Les idées ne sont pertinentes et entendables par tous dans la vie publique qu’en passant par le canal de personnages. Les Saint Thomas objecteront qu’ils ne sont pas dans l’entreprise ou en politique pour « faire du théâtre ». Ils ne font donc pas la différence entre leurs rôles privés et leurs rôles publiques.

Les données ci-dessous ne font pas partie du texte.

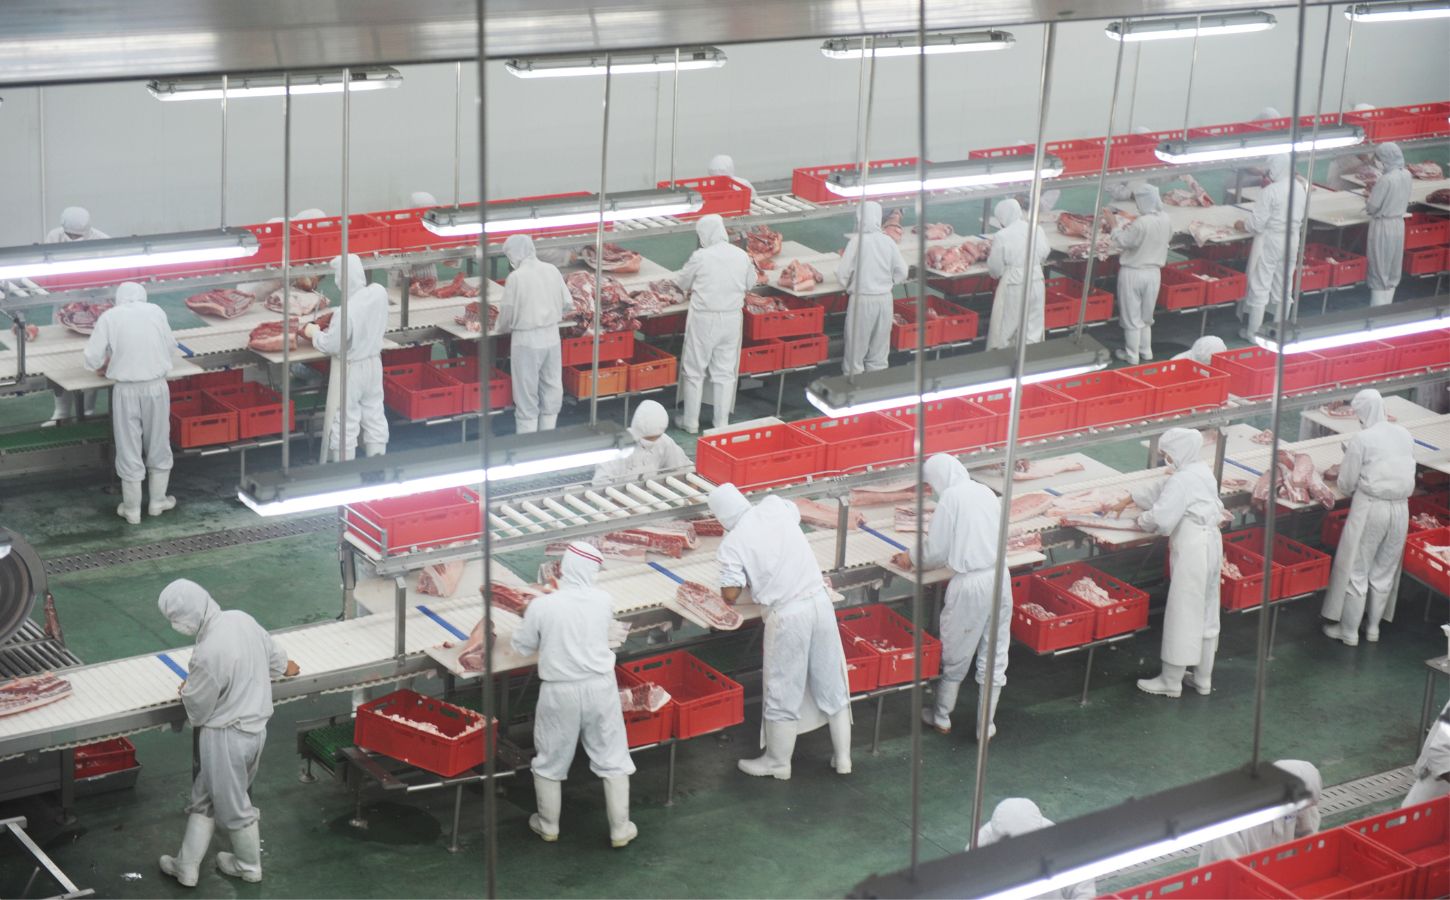 Slaughterhouse workers preparing meat

Il y a quelques mois, le comédien Jean Pierre Darroussin invité à l’émission C à vous sur France 5, eut cette phrase sidérante pour beaucoup : « Je ne me sens pas regardé quand je suis sur scène ». Quand il est en représentation en effet, la personne du comédien n’est plus que la pâte dont il fait son personnage. Il l’a cuisinée tout au long des répétitions, en même temps que ses partenaires cuisinaient la leur. C’est ce seul personnage cuisiné que le comédien fait entrer et agir en scène devant les spectateurs. Il interprète l’œuvre d’un auteur dramatique comme le musicien classique interprète celle d’un compositeur. Leur personne à tout les deux en effet n’est plus regardée, car elle a disparu dans la texture de l’œuvre.
L’orateur interprète aussi un rôle écrit dans une organisation. Comme le comédien, il entre donc en réunion ou monte à une tribune pour livrer un personnage attendu. Il doit aussi le cuisiner. Mais aucun auteur dramatique ne lui a écrit son texte, ni n’en a écrit aux autres orateurs des réunions auxquelles il participe.
Chaque orateur sait seulement où situer son personnage dans l’organigramme et connait ainsi la situation qui lui est faite. Quant aux textes des personnages, ils n’apparaitront de façon définitive qu’au jour de chaque réunion. Il est donc inutile (il serait même absurde) de répéter les réunions avant de les jouer.
Sans répétition ni texte d’auteur, quelle recette l’orateur peut-il appliquer pour cuisiner son personnage ? Sa dernière et seule ressource se trouve dans son public, au moment de son entrée en scène. Contrairement au public du comédien, celui de l’orateur ne veut pas être surpris. Il veut être rassuré. Il attend un patron, un consultant, un avocat ou un professeur, bref un personnage. Il n’attend surtout pas la personne de l’orateur. Elle l’angoisserait et il ne saurait qu’en faire. Et son attente se manifeste dans son attitude quelle qu’elle soit au moment où l’orateur apparaît devant lui. Il doit décider de la prendre dans son regard et d’en être curieux dès son entrée. Alors, en quelques instant seulement, tandis qu’il faut des heures de travail au comédien pour atteindre ce résultat, la puissance de cette attente du public transforme d’instinct la personne de l’orateur, pour faire apparaître à sa place le personnage attendu (de patron, de consultant, d’avocat ou de professeur) et lui donner ses premières répliques. C’est une métamorphose physique et mentale à laquelle il est difficile de croire, tant qu’on ne l’a pas vécue soi-même. Mais la recette de l’orateur pour cuisiner son personnage est bien là. Le public en quelques seconde l’élève dans le personnage.
Nos élèves apprennent à ressentir physiquement cette transformation de leur personne en personnage à leur entrée en scène. Elle suppose qu’ils décident d’abord de faire de leur public quel qu’il soit, facile ou difficile, un partenaire.